### WHAT YOU HAVE TO DO
Set every line of the data down again exactly, and keep the pictures out.

### RAW DATA
---

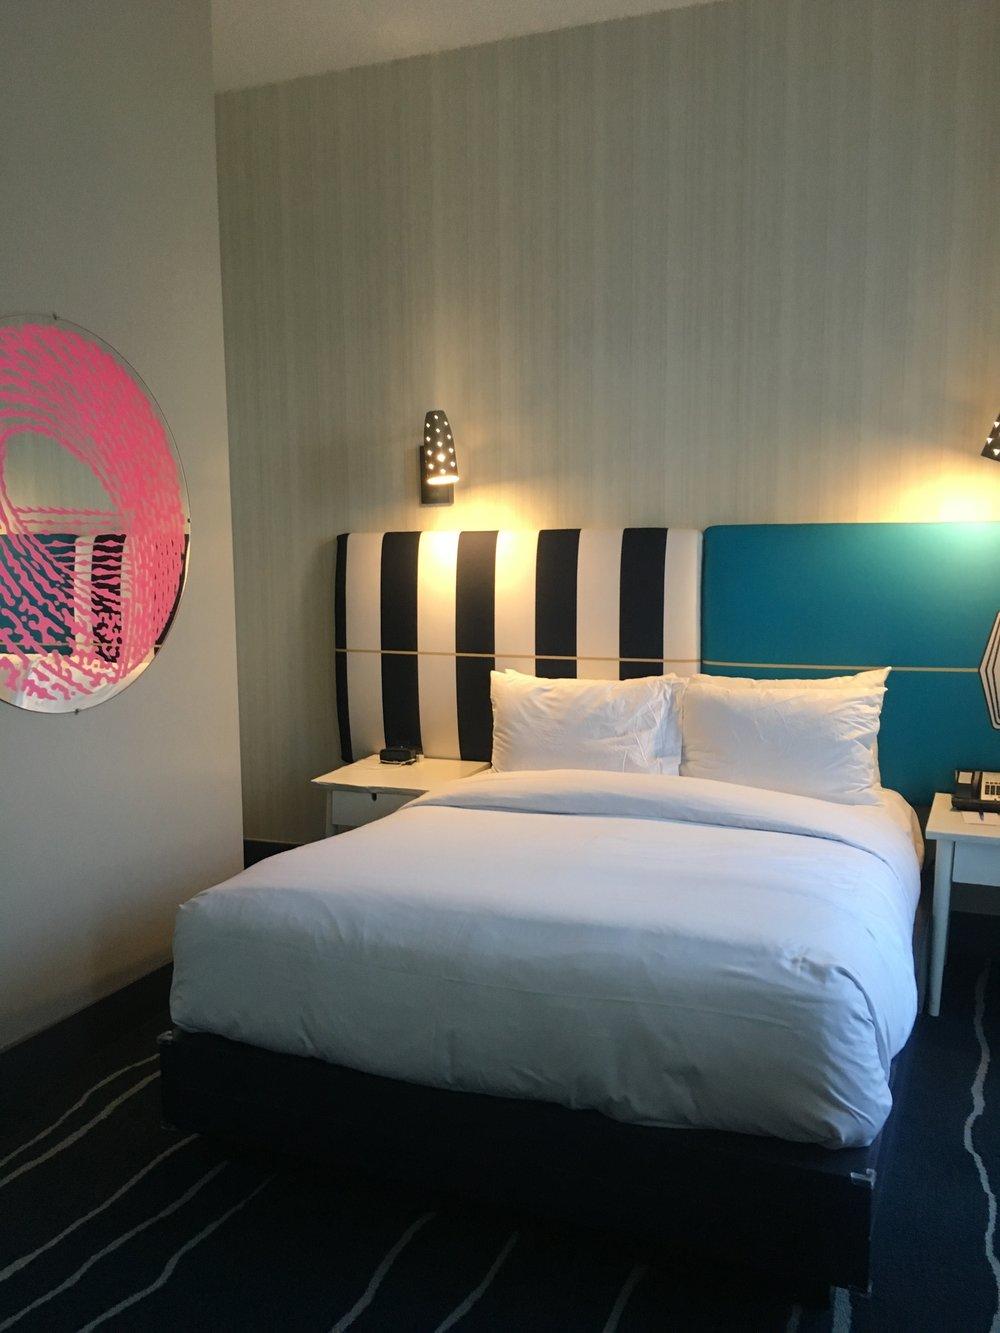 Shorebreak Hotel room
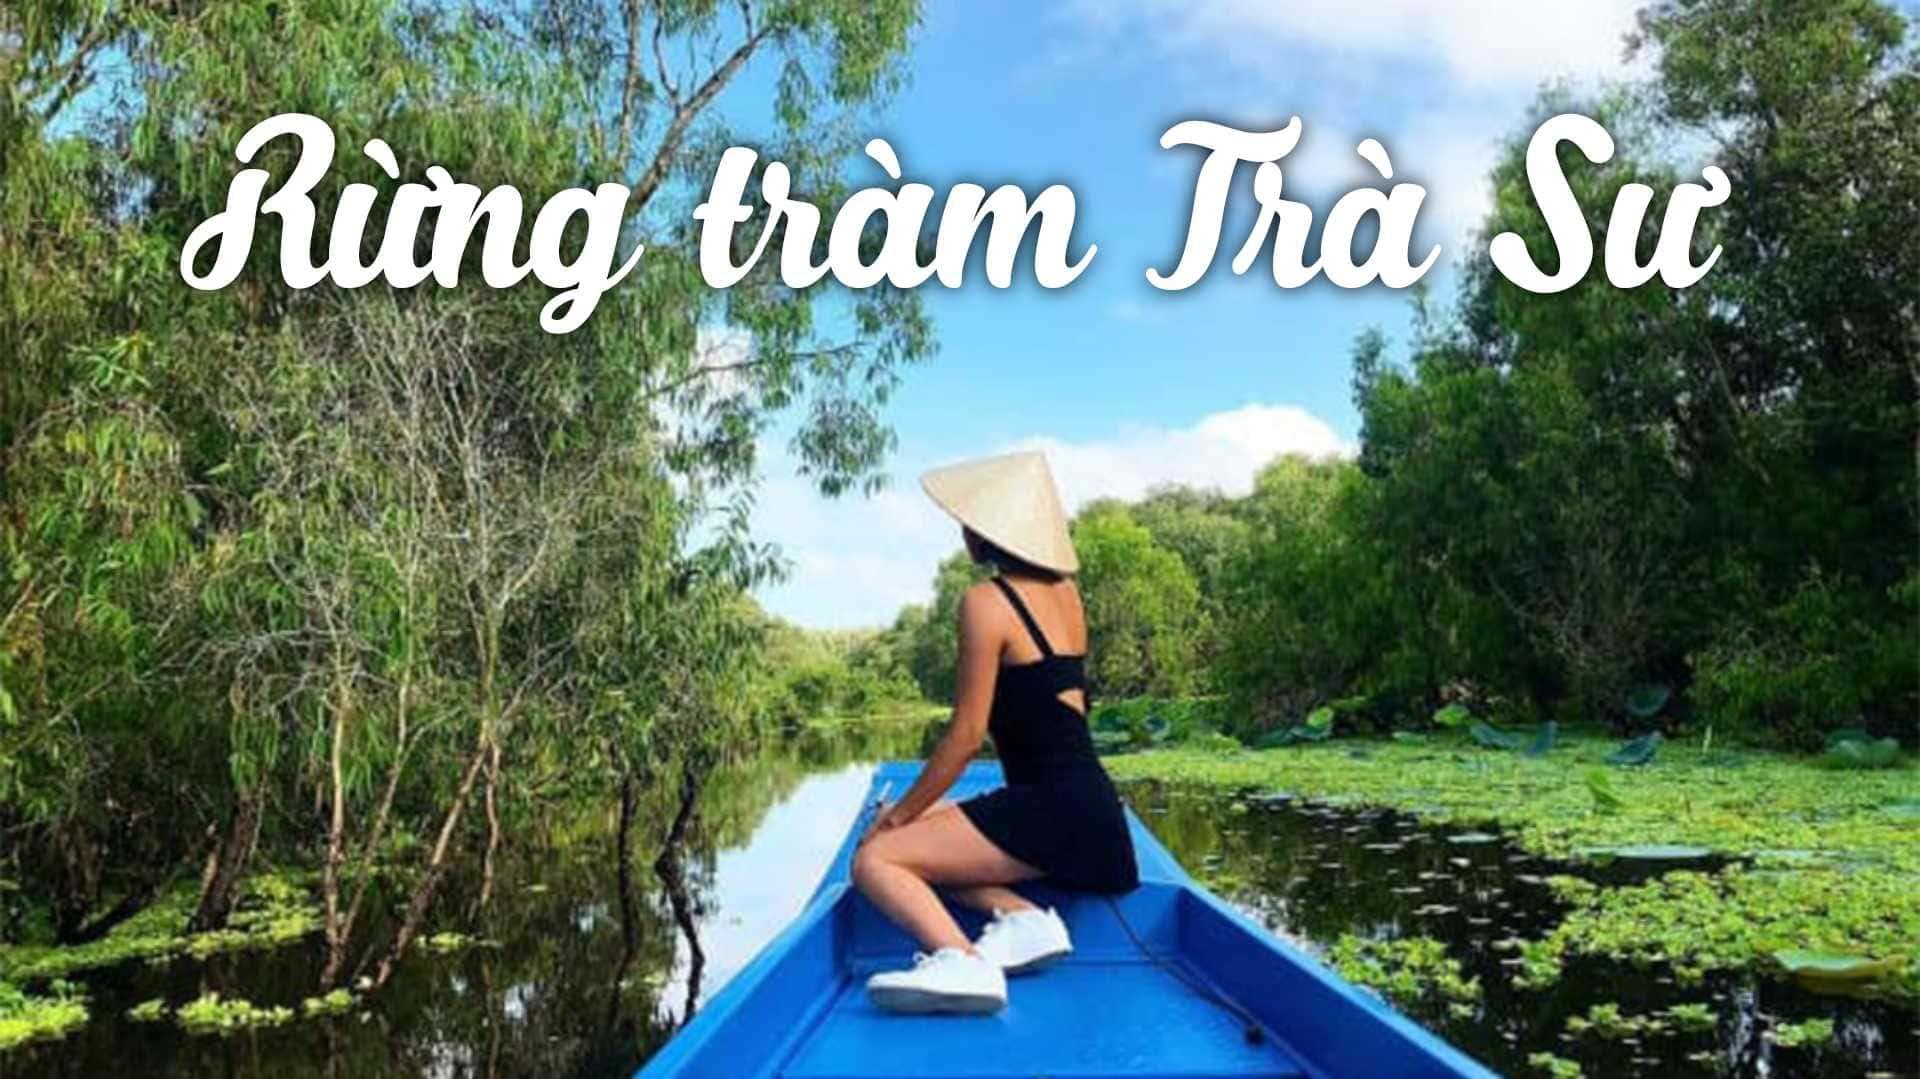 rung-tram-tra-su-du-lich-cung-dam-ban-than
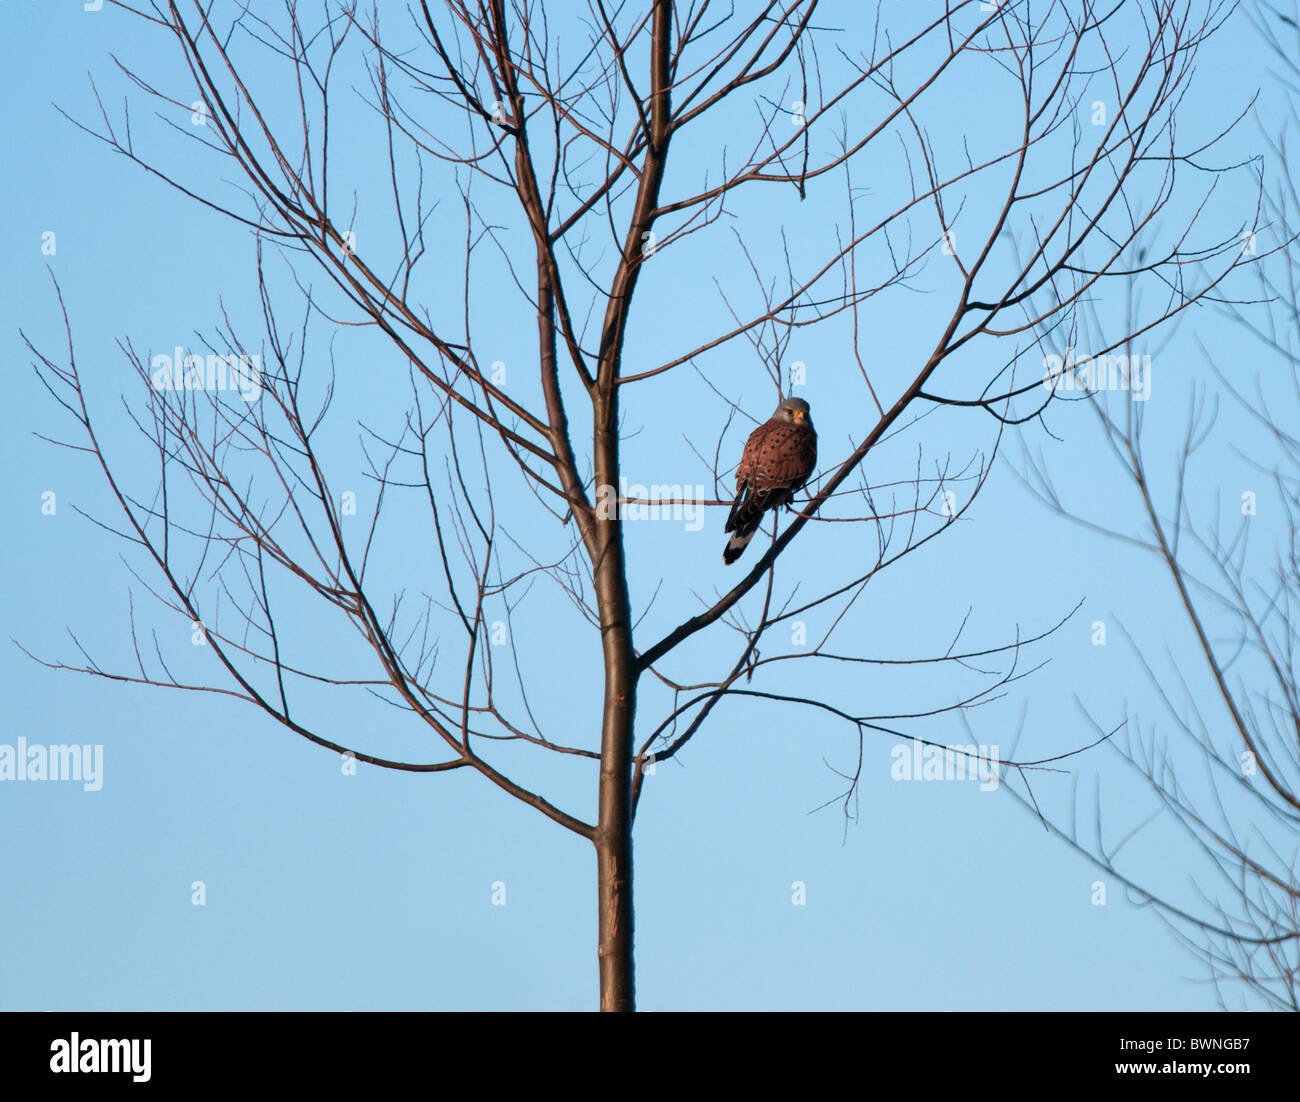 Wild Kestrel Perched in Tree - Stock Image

---

### ANSWER TO THE PROBLEM
 Shorebreak Hotel room
 rung-tram-tra-su-du-lich-cung-dam-ban-than
 Wild Kestrel Perched in Tree - Stock Image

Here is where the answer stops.